I'm feeling a little intimidated by this blog.. mentally confined by the knowledge others could happen upon it. Honored in my friends who wish to read, but scared at laying myself out so openly. It feels risky to let others inside sometimes. How much must you explain so that folks can understand where you're at? Where do you start? Should the attempt even be made?
How do I answer the question, 'What are you doing in Liverpool?' I have been vague... I finally had the opportunity to go back to school, and my girlfriend suggested I do it here, in her city.
How did I get the opportunity? My children moved out, went to live with their Dad. I felt absolutely broken my this. Do I mention the emotional warfare to which their Dad subjected me.. the destitute feeling of being able to do nothing about it all?

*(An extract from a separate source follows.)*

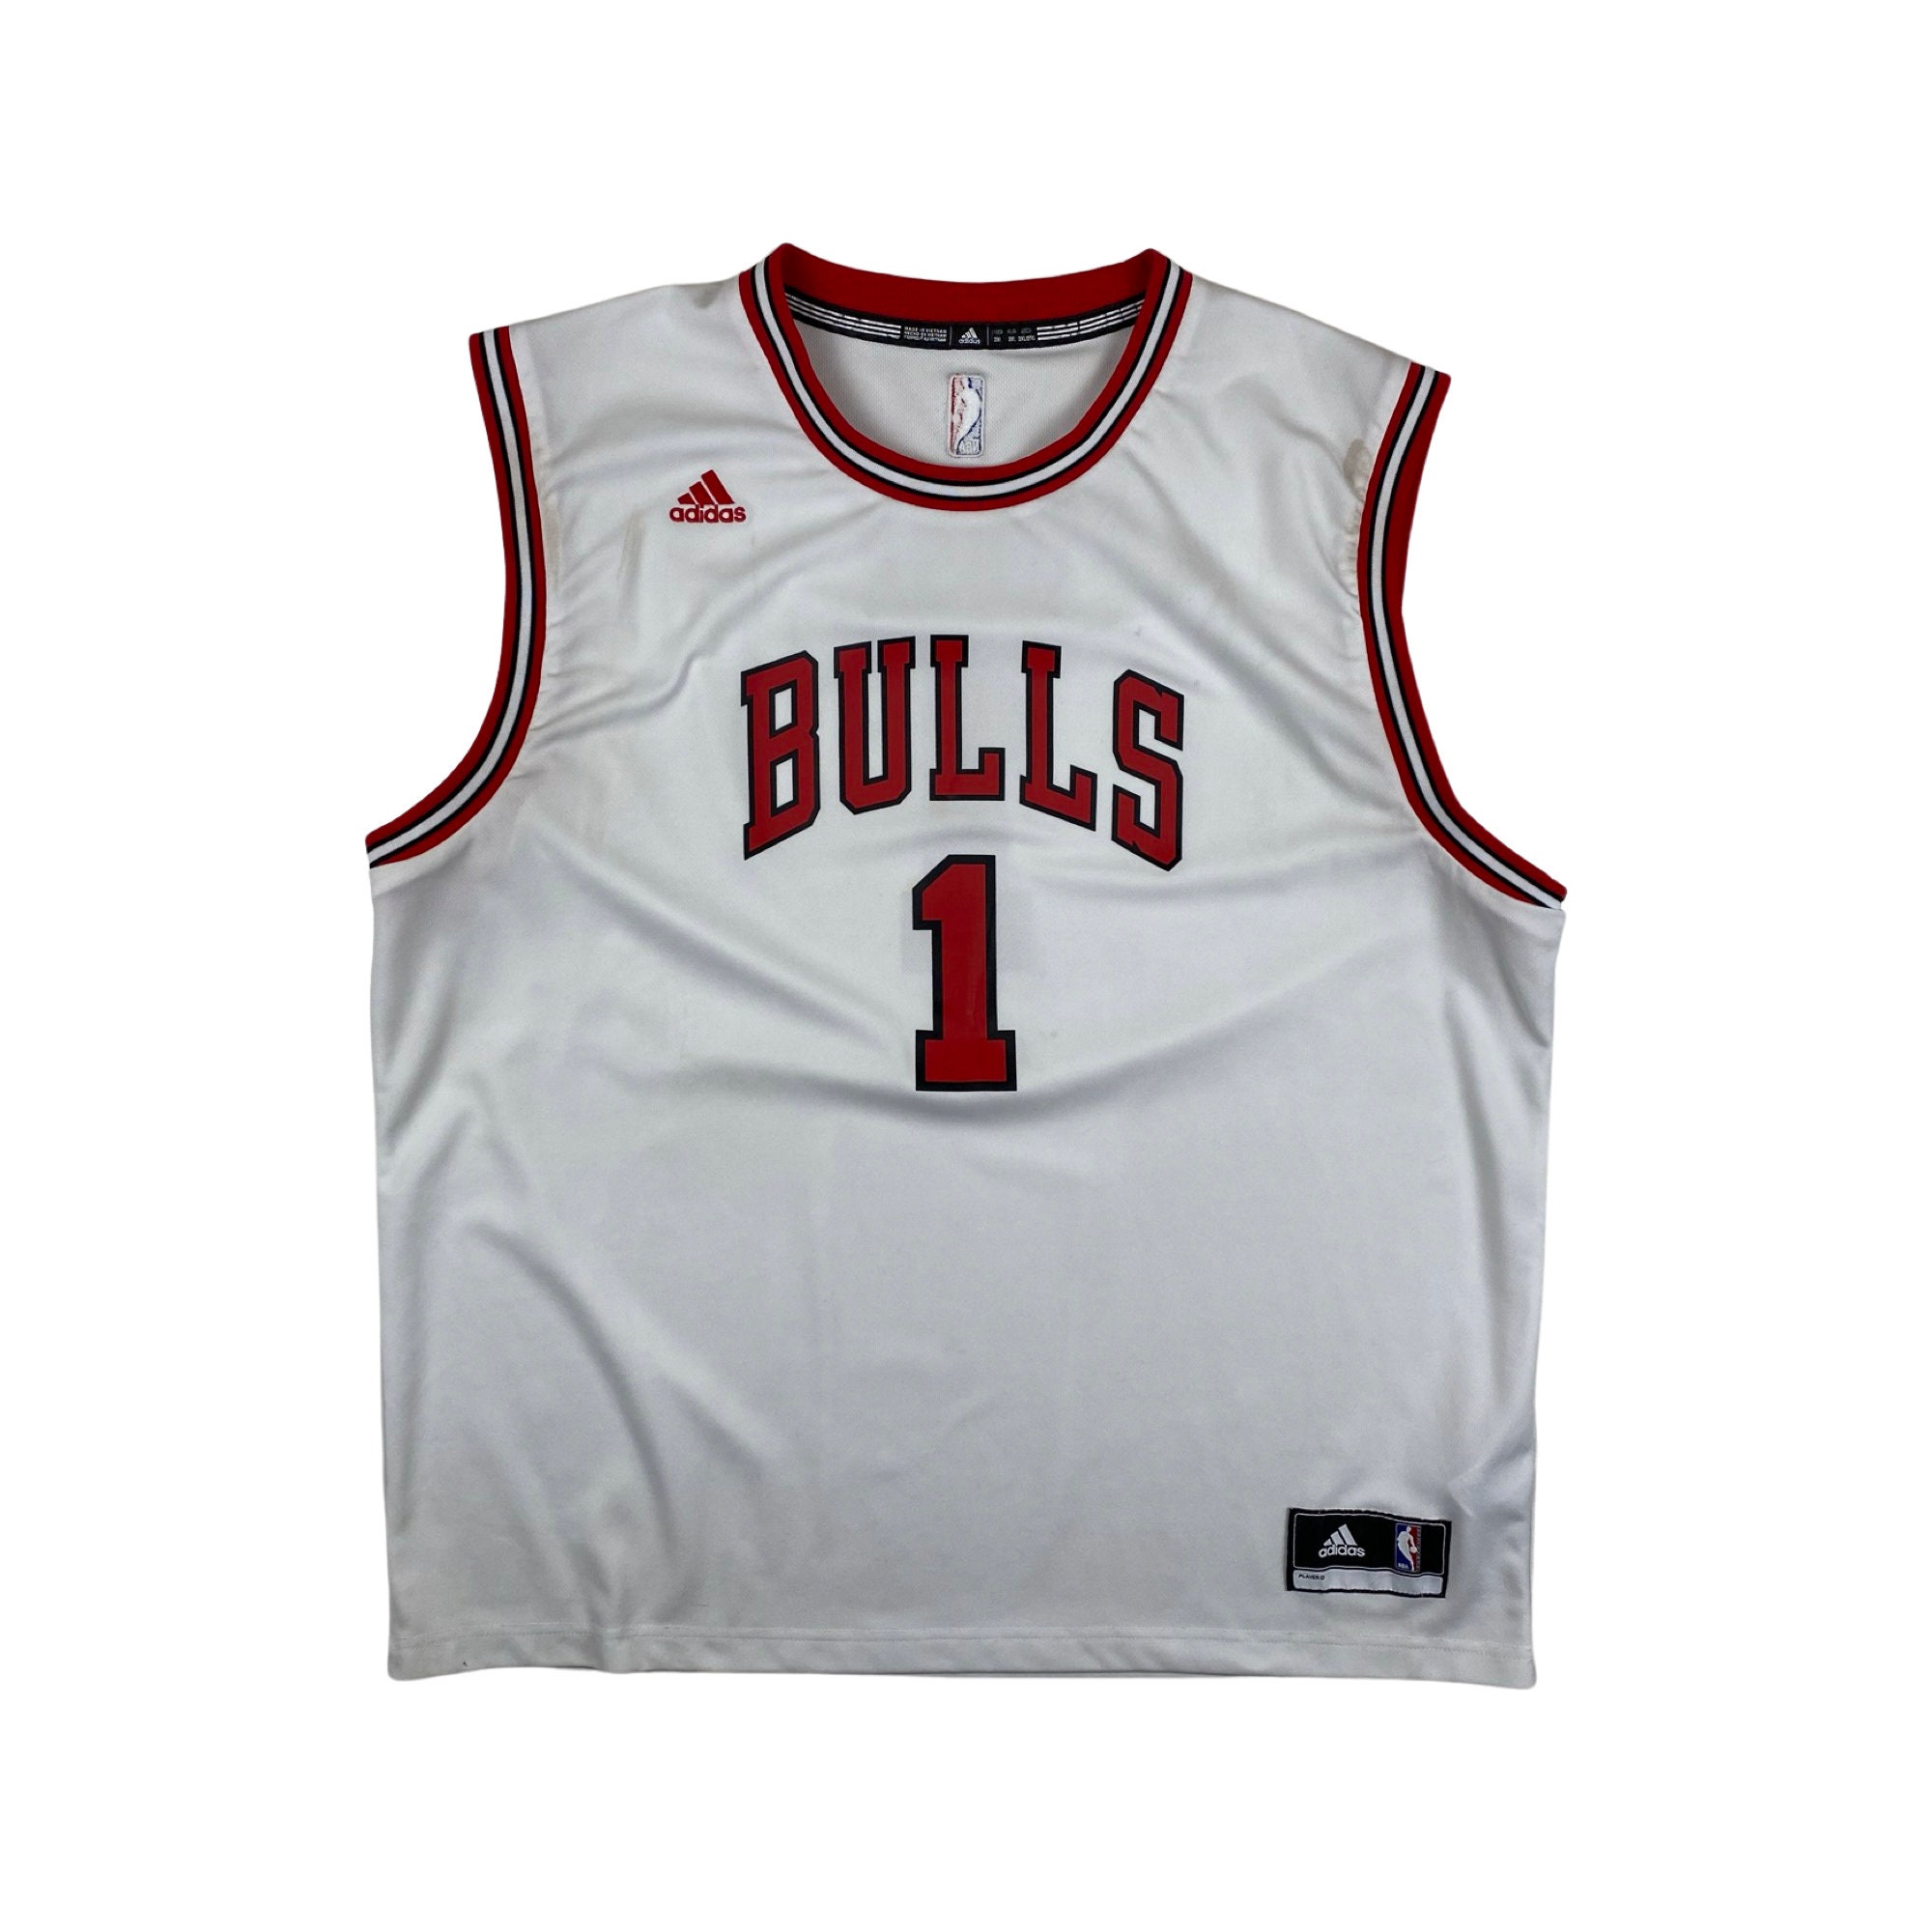 bulls jersey - España
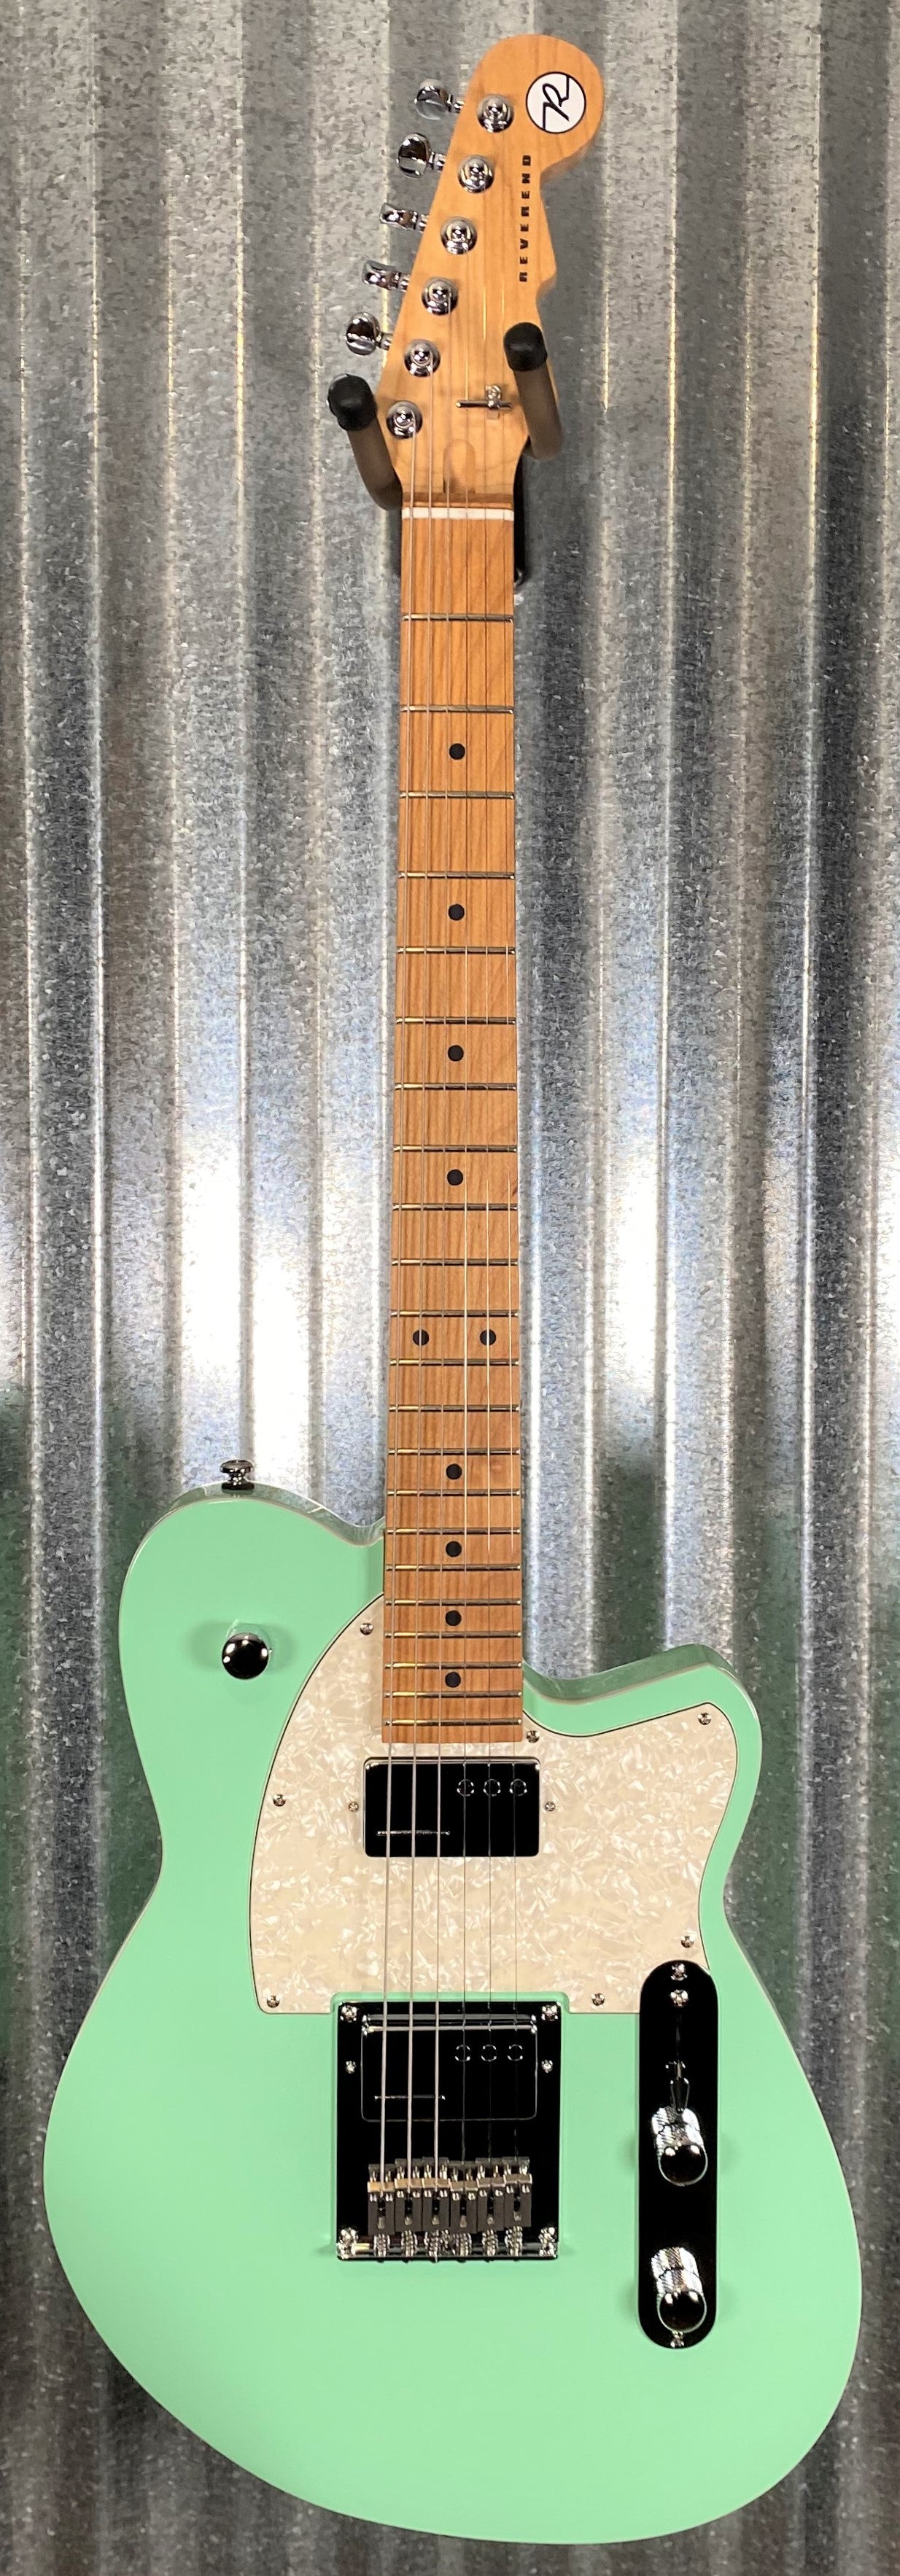 Reverend Guitars Crosscut Oceanside Green Guitar #9839

Unless of course, I was willing to deny myself. Deny that I had no physical attraction to men. They're fine as buds, as friends and even partners I suppose. But the sex was a sham, mechanical. No way to deny the marriage was absolutely over, and so unfair to even pretend.
I couldn't be happy choosing that. There are women who do, for the sake of their children, and the husbands fool themselves all is well. But I couldn't live my whole life knowing 'this' was not me. Depressing as hell... My choice was selfish, no two ways about it. But its one I would make again if I had the choice to do it over, even knowing what I know. Hell, I'd have done it sooner.